(Information supplied Opens)
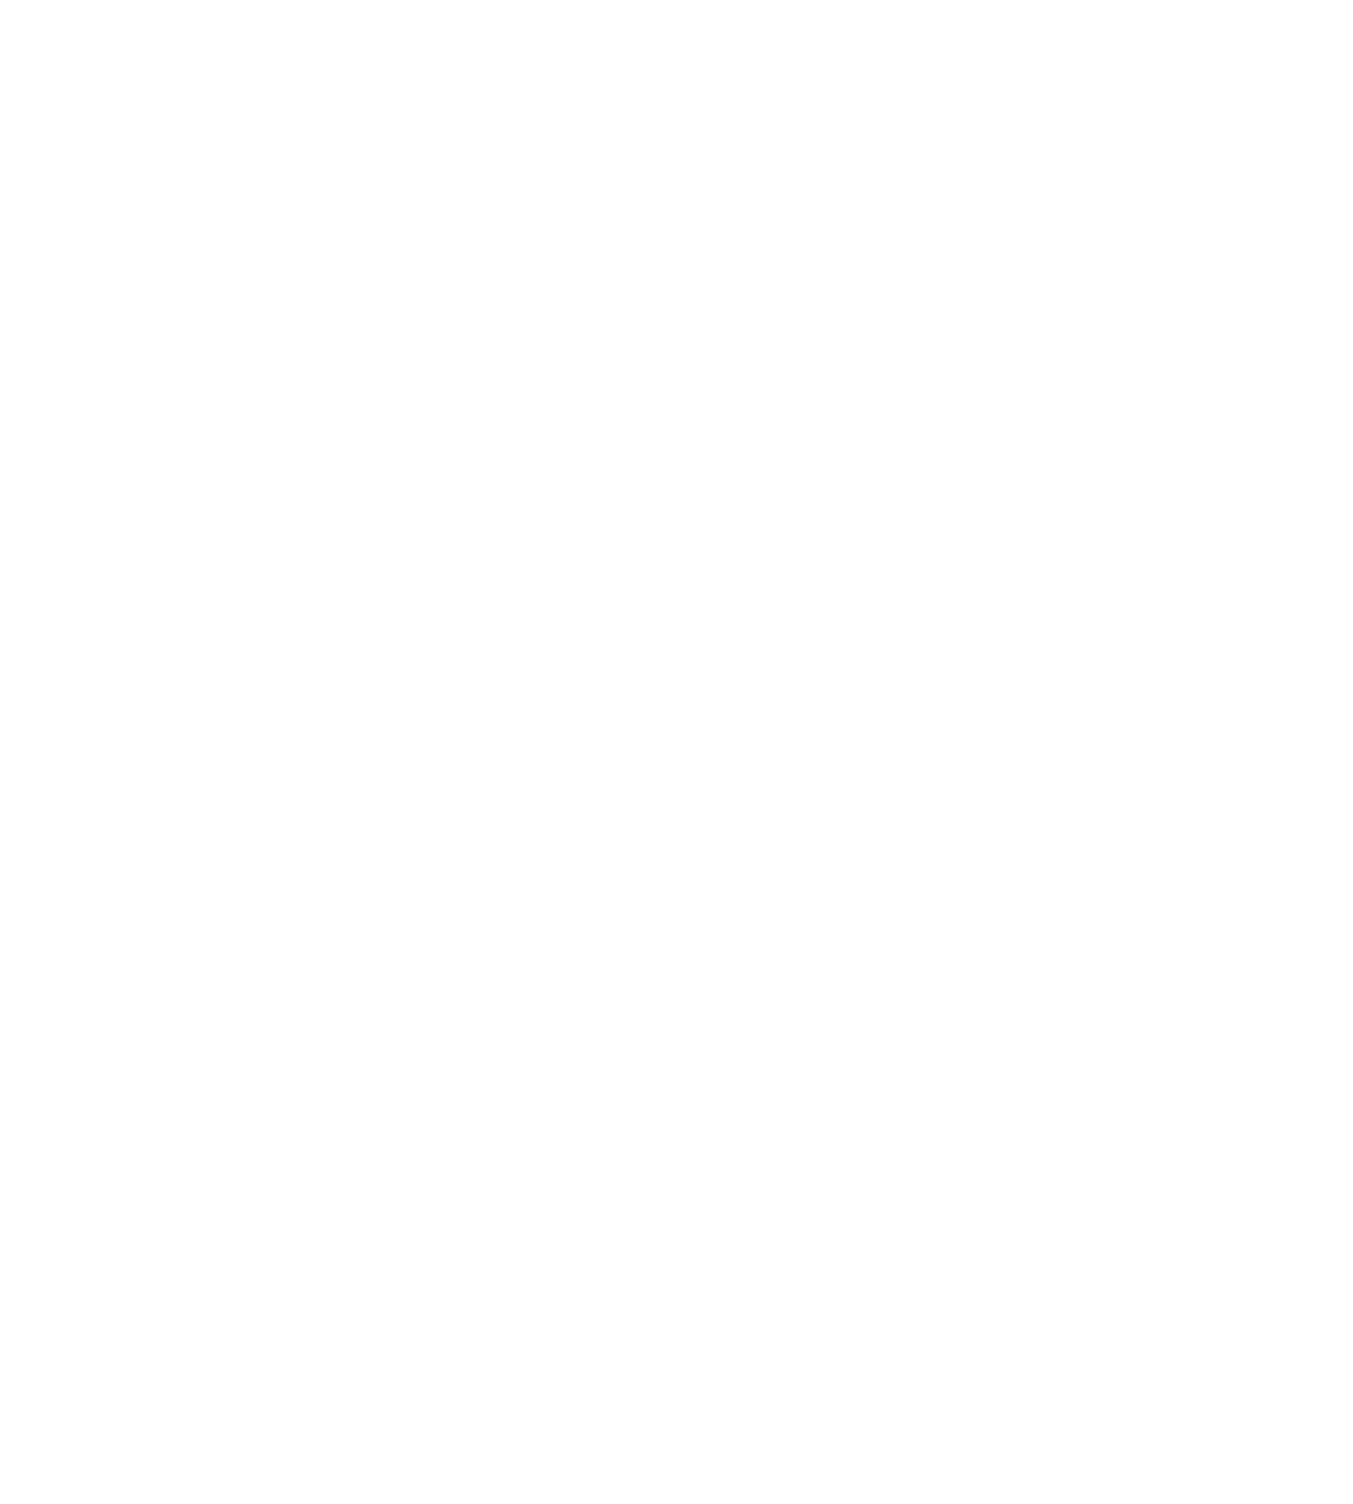 Nyxoah logo pour fonds sombres (PNG transparent)
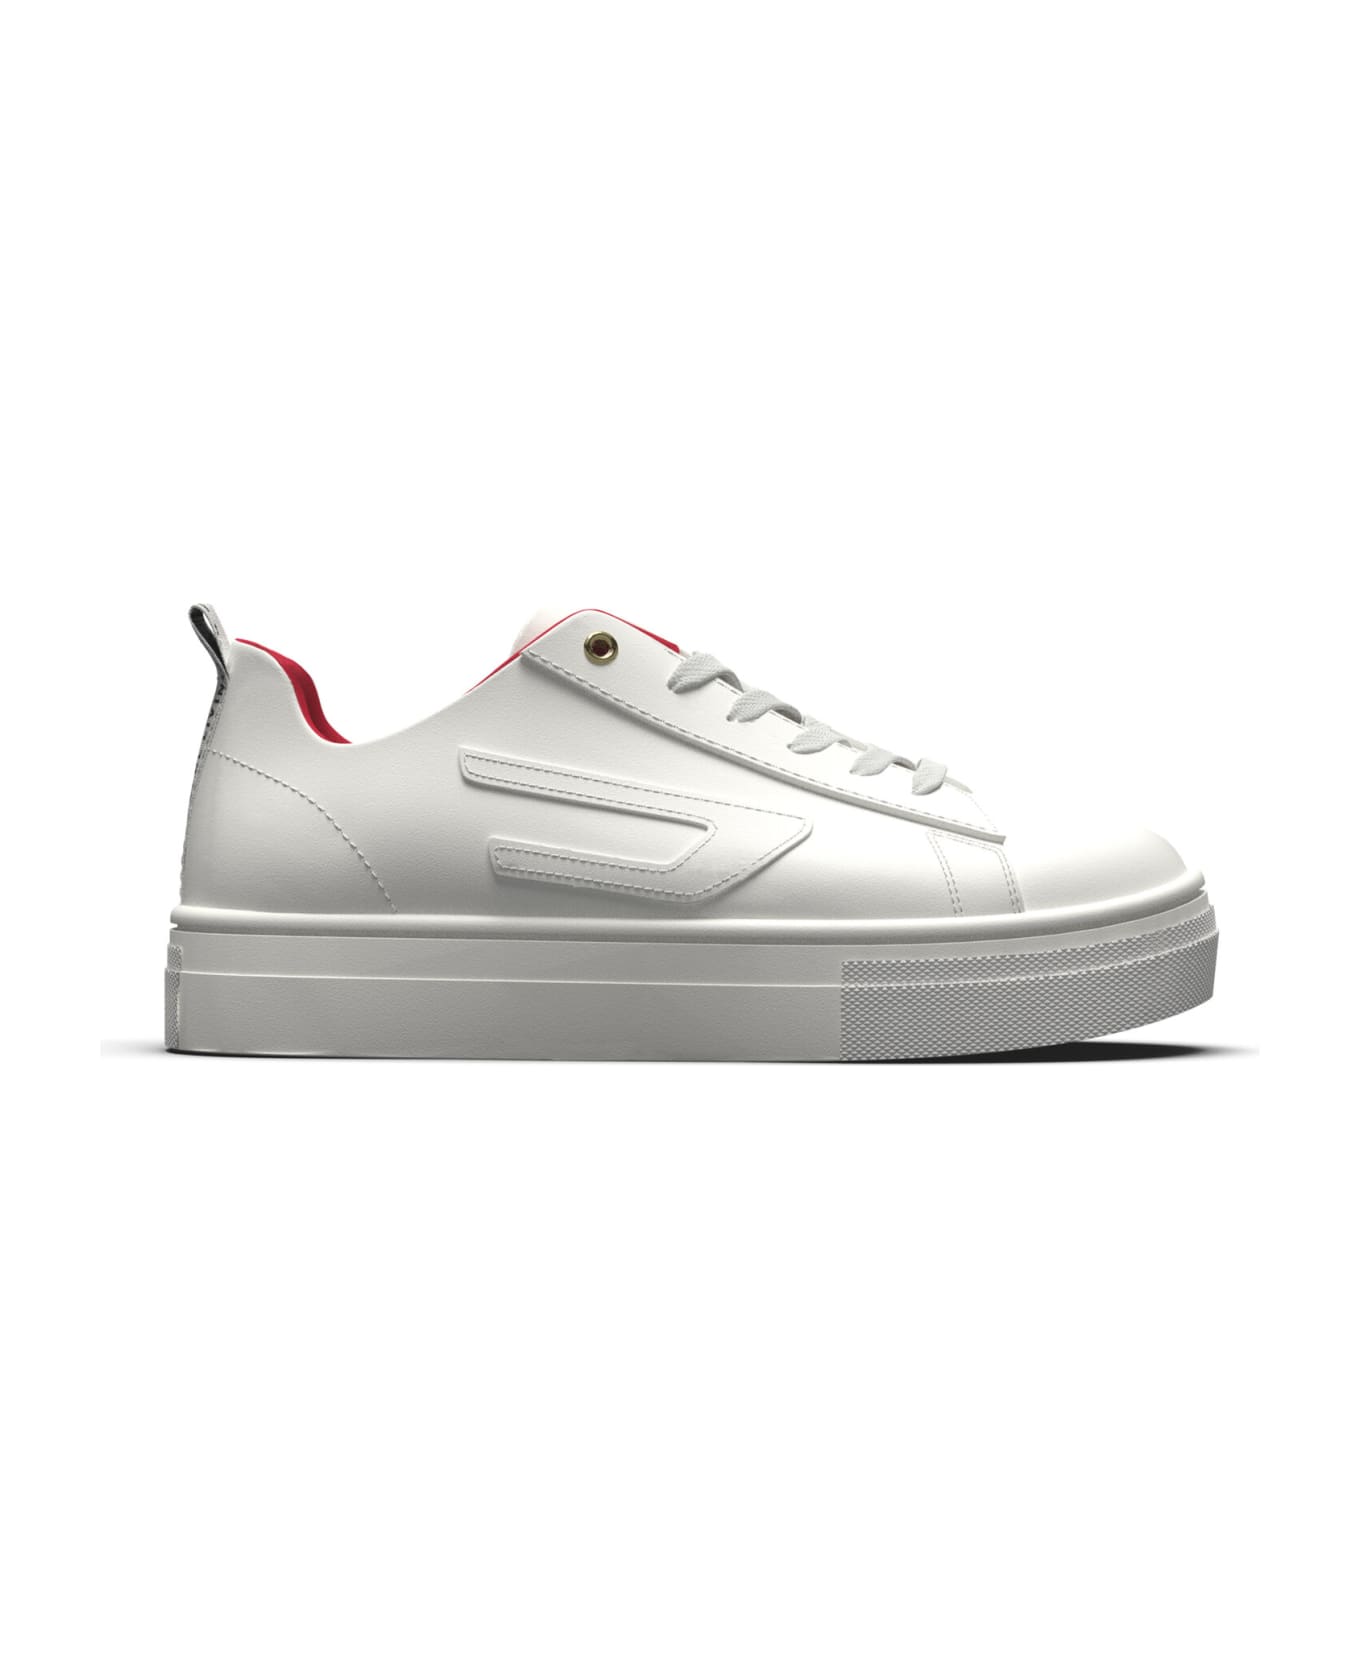 Diesel Vaneela S-vaneela Lc  Sneakers Diesel White Vaneela Low Sneakers With Embossed D - White
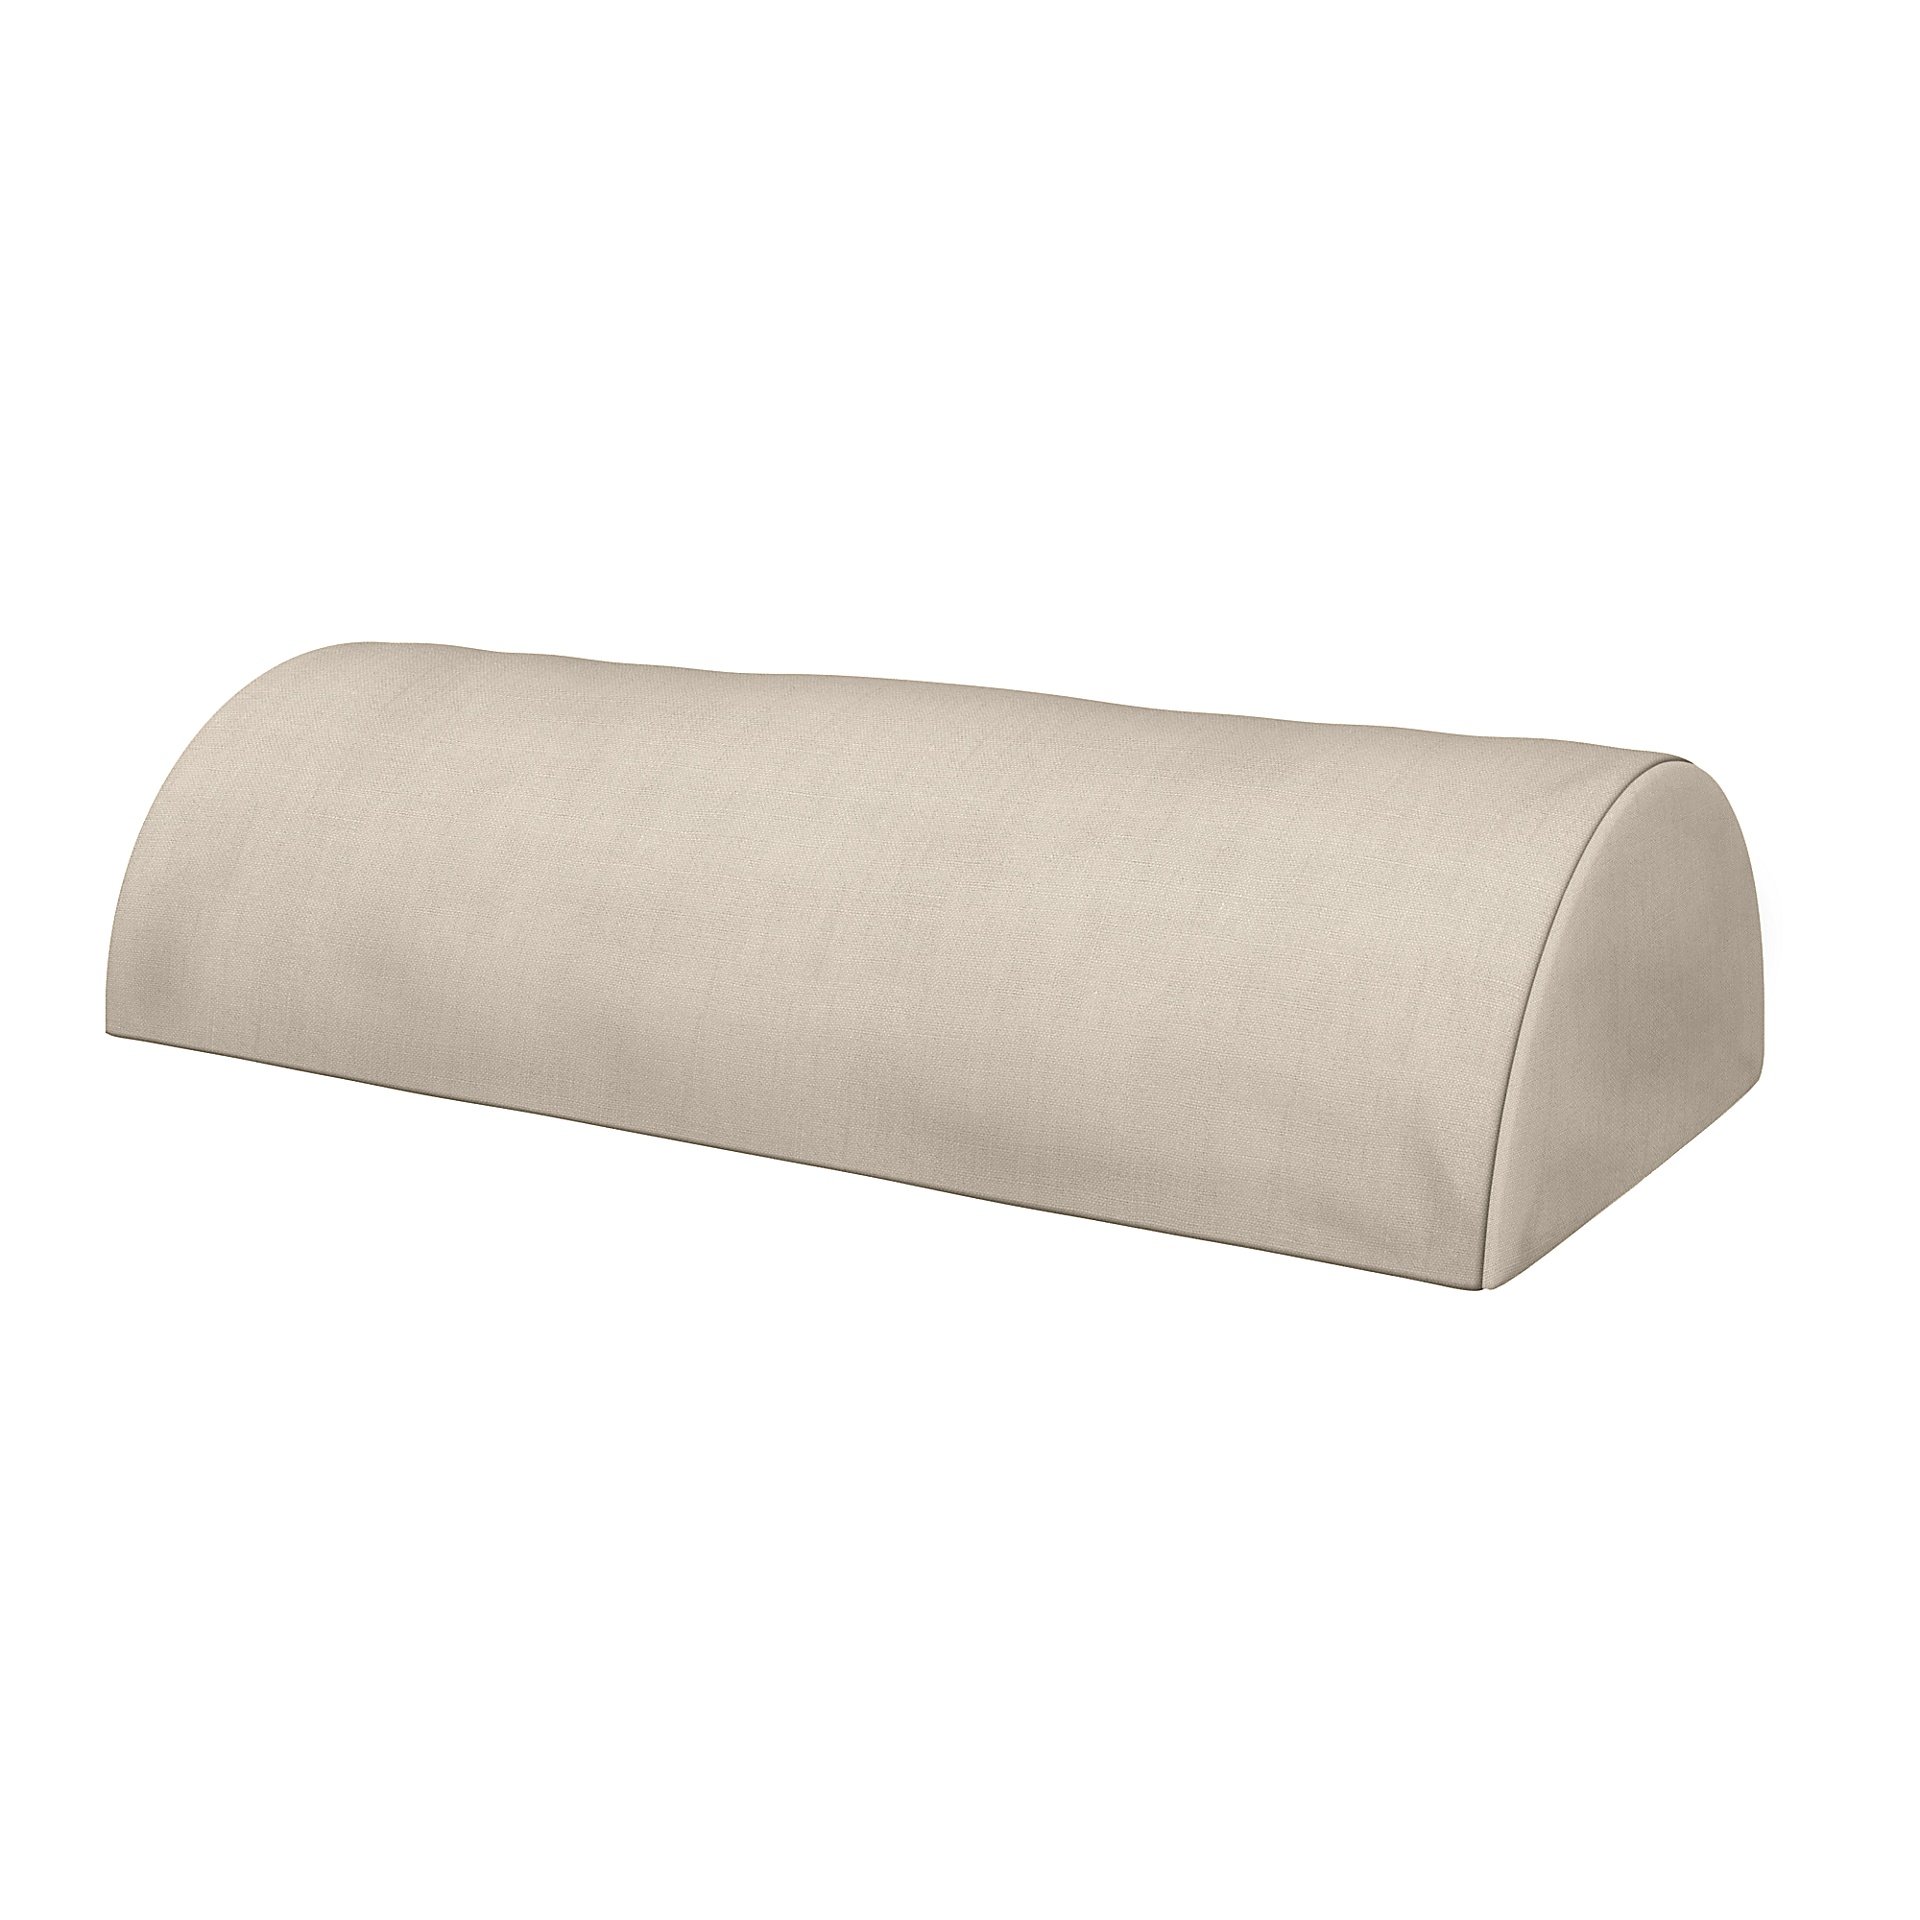 IKEA - Cushion Cover Beddinge Half Moon , Parchment, Linen - Bemz
(Information supplied Closes)
Return exactly the lines running from the line with "Diesel Vaneela S-vaneela" through the final line of the listing. Leave the pictures out.

 Diesel Vaneela S-vaneela Lc  Sneakers Diesel White Vaneela Low Sneakers With Embossed D - White
 IKEA - Cushion Cover Beddinge Half Moon , Parchment, Linen - Bemz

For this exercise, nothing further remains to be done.